Renato Pimenta studied architecture in Belo Horizonte, and did a masters on its planning policies and the resulting urban fabric. He works at architecture practice Dixon Jones.
What are you currently working on?
A mixed use building in Knightsbridge and the masterplan for Chelsea Barracks.
How does working in London compare to working in Brazil?
In the UK, architects are held more responsible for potential failures of the design after the building is completed than they are in Brazil. This is a good thing as it makes the design process more careful. On the other hand, the uncertainty and restrictions of the planning approval process can sometimes discourage innovation.
What things do you miss most about Brazil?
Having a coffee standing at a bar in central Belo Horizonte; the less populated beaches of Bahia; getting lost in the streets of Ouro Preto and having a little glass of beer (chopp caçulinha) at Bar Luiz in Rio.
What Brazilian things do you do in London?

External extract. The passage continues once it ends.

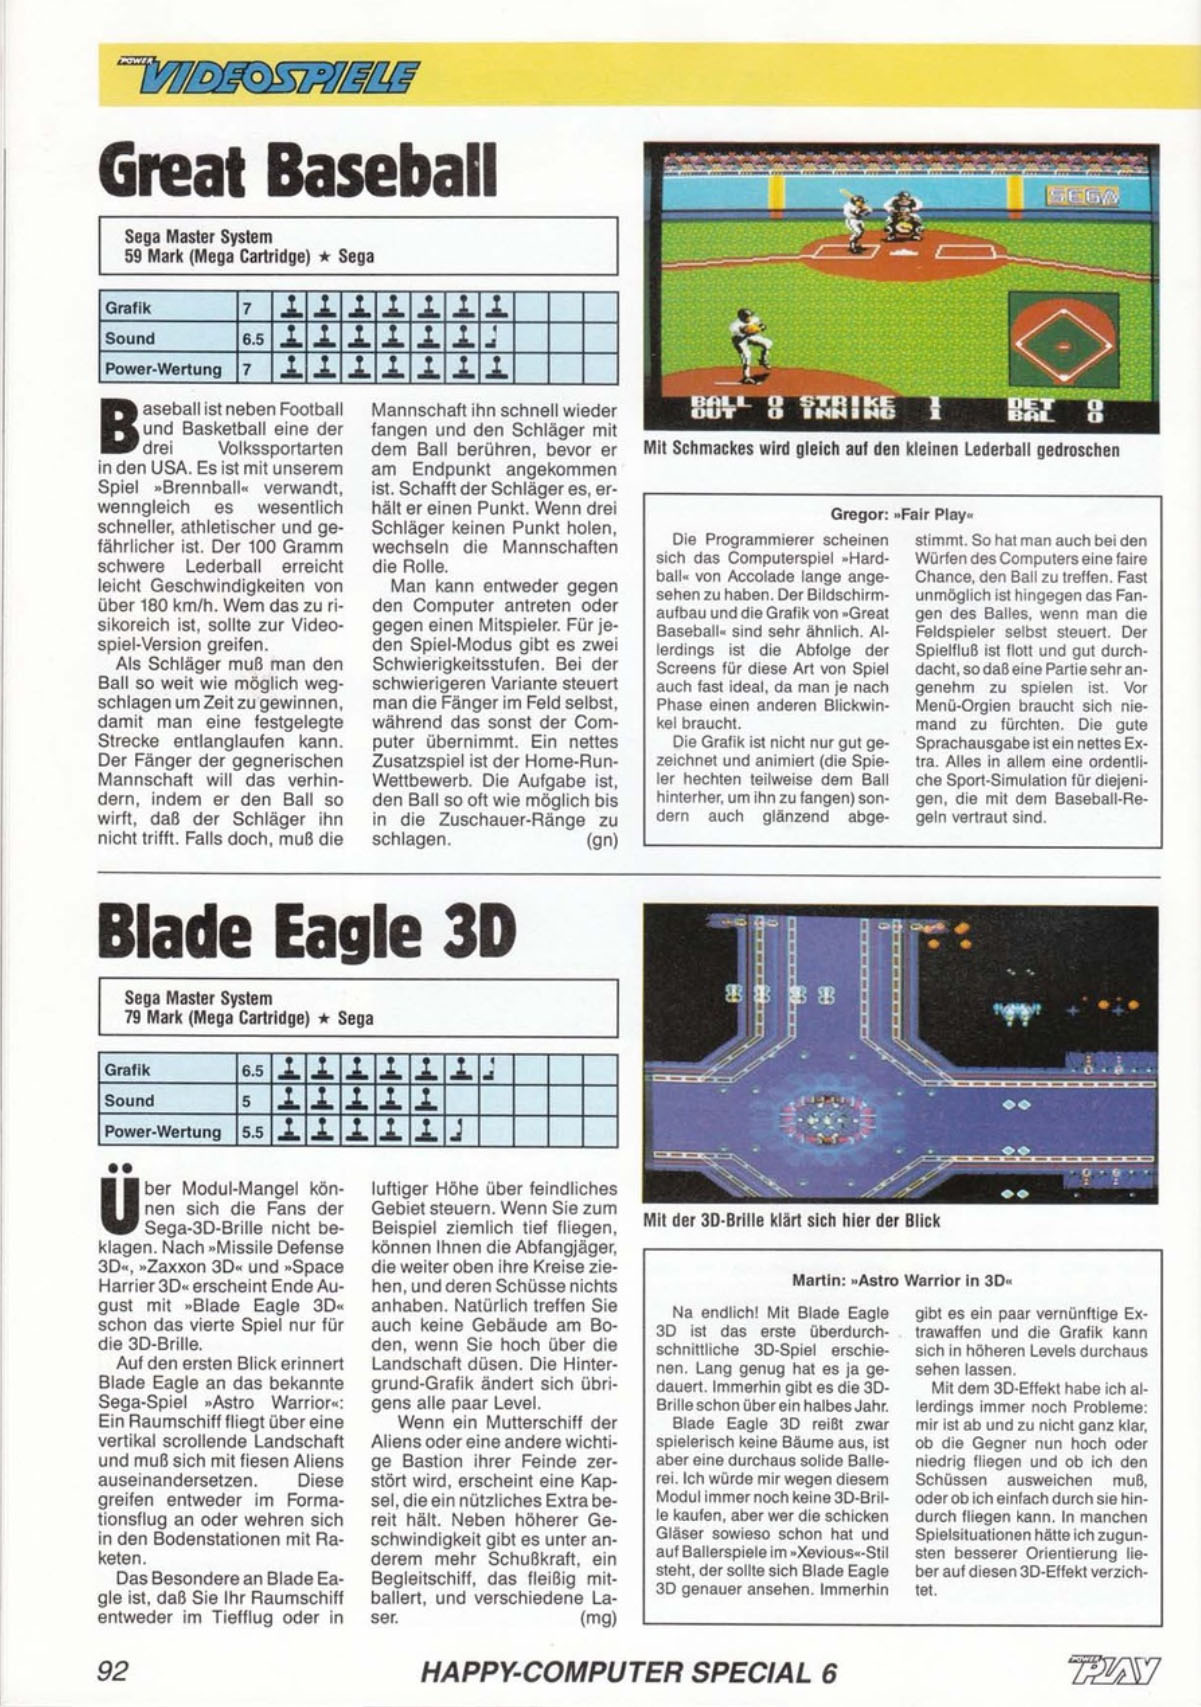 Great Baseball Review, Power Play July 1988 page 92

I eat pão de queijo and coxinha at Canela and Cafe Rio, and I go to Brazilian gigs. But mostly I catch up with Brazilian friends in English pubs which are certainly tapped into the Brazilian way of life as I understand it. The Prince George in Dalston is one of my favourites.

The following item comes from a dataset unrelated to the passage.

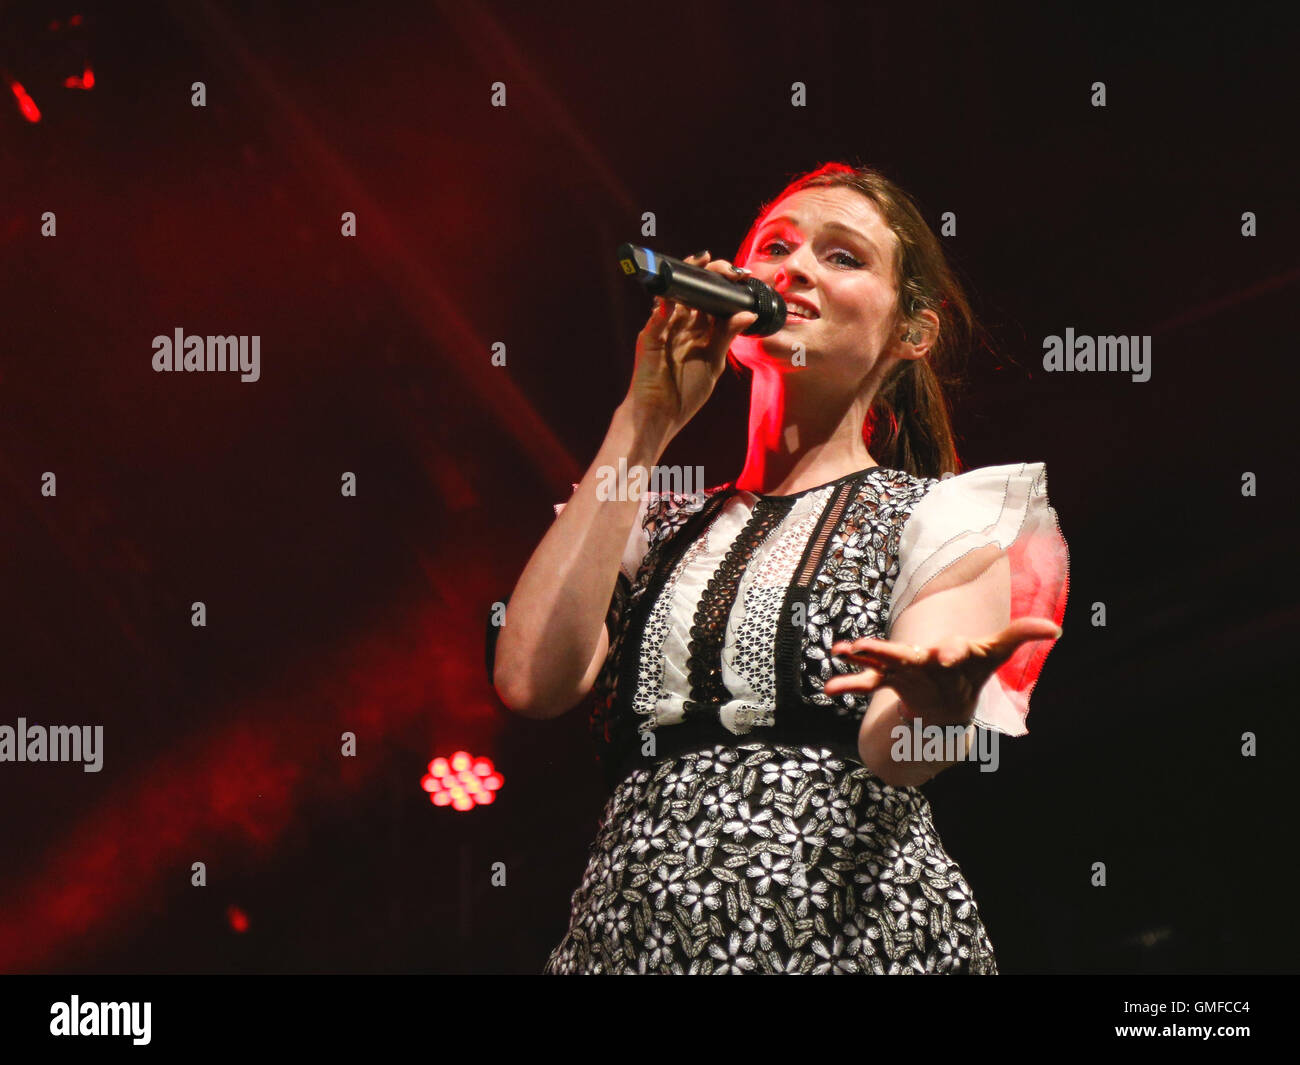 Sophie Ellis Bextor High Resolution Stock Photography and Images - Alamy

What would a perfect night out in Brazil involve ?
I would meet friends in Cafe com Letras in Belo Horizonte before going to listen to some live music. Chorinho - an old style of music that mixes polka with samba - is making a comeback which I find very interesting.
What influences were at play while you were studying architecture in Brazil?
Modernism is an important and well known influence for most of Brazilian architects of my generation, and I include myself in that group. Simultaneously, the colonial buildings and streets of towns like Ouro Preto, Diamantina and Tiradentes are also an important reference and help me judge the quality of buildings and how they interact with the surrounding spaces and the local climate.